II. Szukamy swojego miejsca tu na ziemi. W tym szukaniu jesteśmy trochę ograniczeni, a to miejscem naszego urodzenia, narodowością, zasobami finansowymi. Ale nie da się ukryć, że ten element szukania jest obecny w ludzkim życiu. Klęcząc przed Najświętszym Sakramentem w trakcie nabożeństwa różańcowego, zauważyłem motyla. Znalazł dla siebie miejsce tu w kościele, w kwiatach stojących przed ołtarzem. Pomyślałem sobie przez chwilę, wybrał bardzo dobre miejsce. Jest widoczny, cieszy oczy ludzi, nikt go tam nie będzie zaczepiał.
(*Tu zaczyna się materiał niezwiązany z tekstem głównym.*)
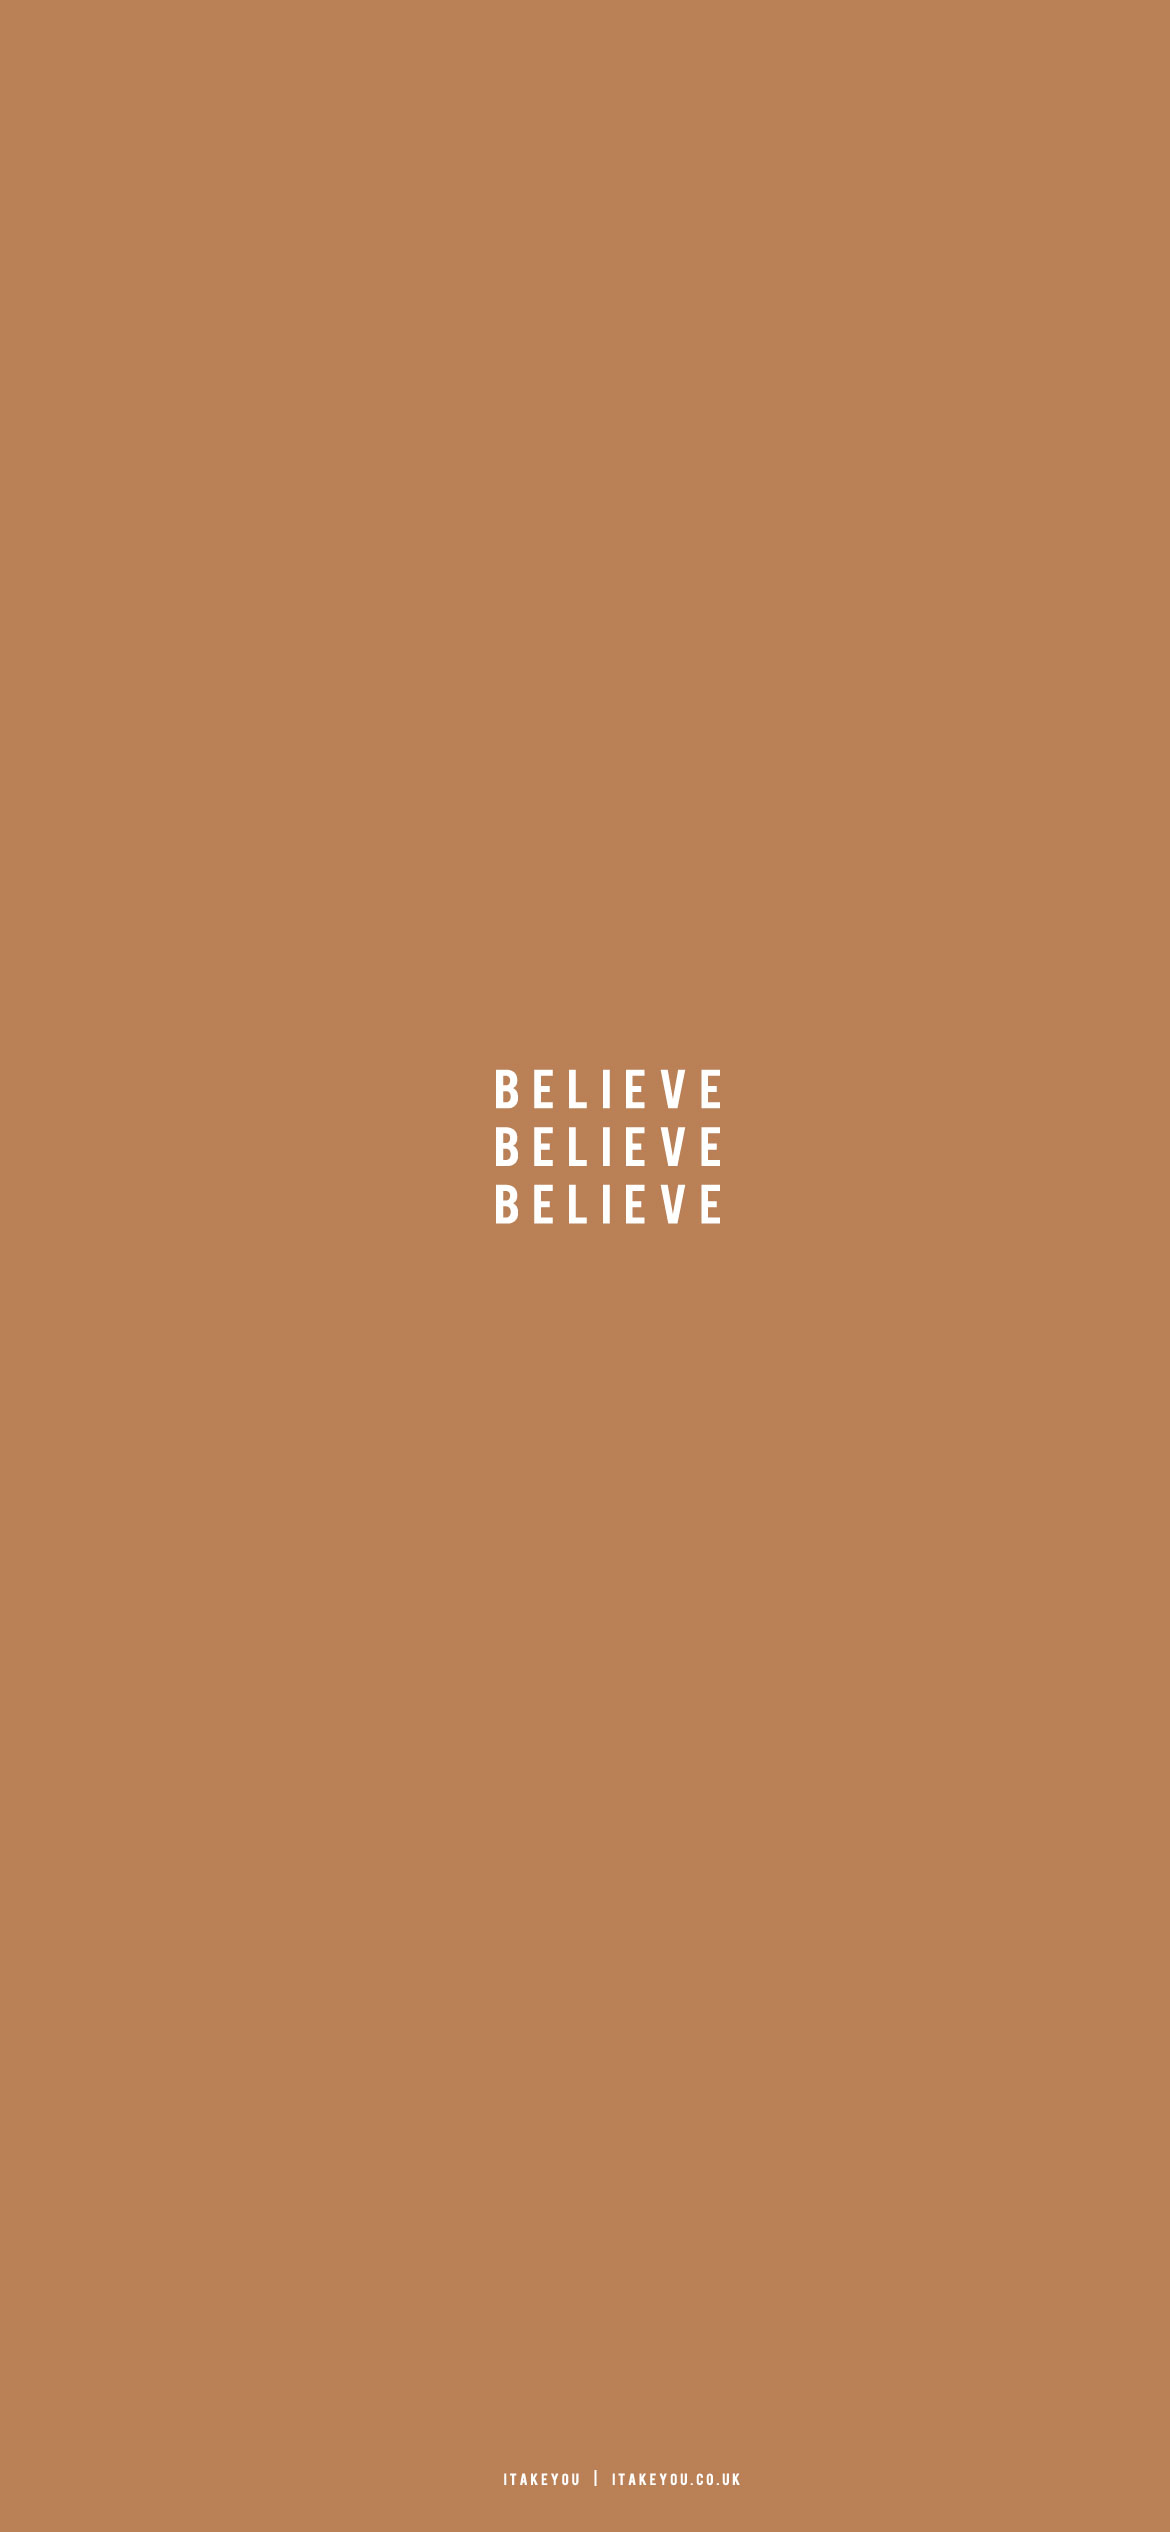 500+ Believe Pictures | Download Free Images on Unsplash

Zwierzęta, ptaki, owady, szukają miejsca, aby bezpiecznie przezimować nadchodzący nieuchronnie zimniejszy czas. Dla nas ludzi najlepszym miejscem przebywania powinna być rodzina, nasz dom. Tutaj uczymy się wszystkiego. To w rodzinie uczeni jesteśmy miłości, troski o innych, wyrozumiałości. Dom rodzinny w życiu większości osób zostawia dobry ślad. Wiem, wiem, …są rodziny dysfunkcyjne. One tego nie zabezpieczają, zostawiają w pamięci złe wspomnienia i przeżycia. Ale w historii różnych społeczeństw mimo obecności takich rodzin, znaczna większość z radością wspomina te domowe chwile i tam wraca.
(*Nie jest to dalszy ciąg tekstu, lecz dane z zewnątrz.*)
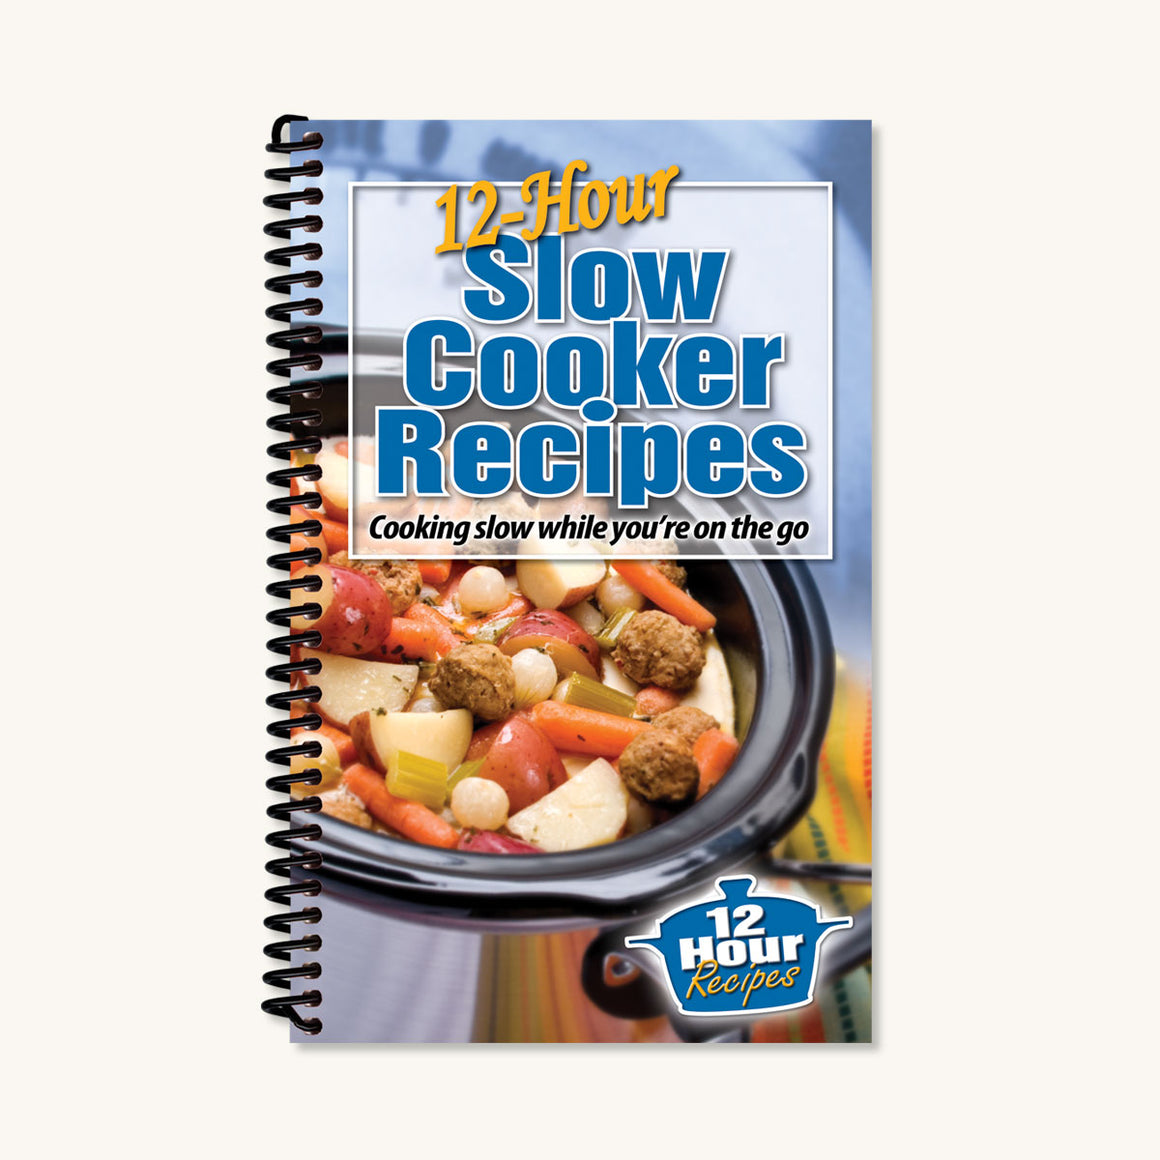 12-Hour Slow Cooker Recipes

Miejscem, które człowiek także obiera za swoje są partie polityczne, wspólnoty lokalne, przeróżne stowarzyszenia. Należy do tej grupy dodać kluby kibiców, organizacje sportowe. Jak widzimy jest tego dosyć dużo, nie chcemy być sami w życiu, nie mamy pragnienia życia na samotnej wyspie. Chociaż od czasu do czasu, kiedy inni mocno nam dokuczą, takie myślenie się włącza. Ale całe szczęście, że tylko na małą chwilę.
Kończąc ten fragment rozważania chciałbym wskazać jeszcze na jedno miejsce, które na każdego z nas czeka. Jest to miejsce przed Panem Bogiem. Ów motyl z naszego kościoła usadowił się w kwiatach przed ołtarzem. Ołtarz, to miejsce, na którym sprawowana jest Najświętsza Ofiara Pana Jezusa, wystawiany jest Najświętszy sakrament do adoracji. Jest to dobre miejsce, także dla człowieka!
Czytają te słowa może warto zapytać siebie, czy znalazłem swoje miejsce w życiu? Bardzo ważne jest też i to, czy znaleźliśmy swoje miejsce przez Panem Bogiem? Czy mamy swój czas na lekturę słowa Bożego, na modlitwę? Bez takich chwil nie doświadczymy tak naprawdę ojcowskiej miłości Pana Boga. Nie poznamy Jezusa Chrystusa, który ciągle mówi nam o naszym Ojcu.
Dobrze jest mieć swoje miejsce w tym Bożym świecie. Dobrze jest należeć do jakiegoś stowarzyszenia, organizacji… Ale zachęcam mocno, zadbajmy o miejsce i czas przed Panem Bogiem!!! Jest ono nam potrzebne, bo tutaj dokonuje się nasza duchowa przemiana. W tym trwaniu przed Nim, przygotowujemy się do zajęcia tego najważniejszego miejsca. Tego, które w niebie przygotował nam sam Pan Jezus!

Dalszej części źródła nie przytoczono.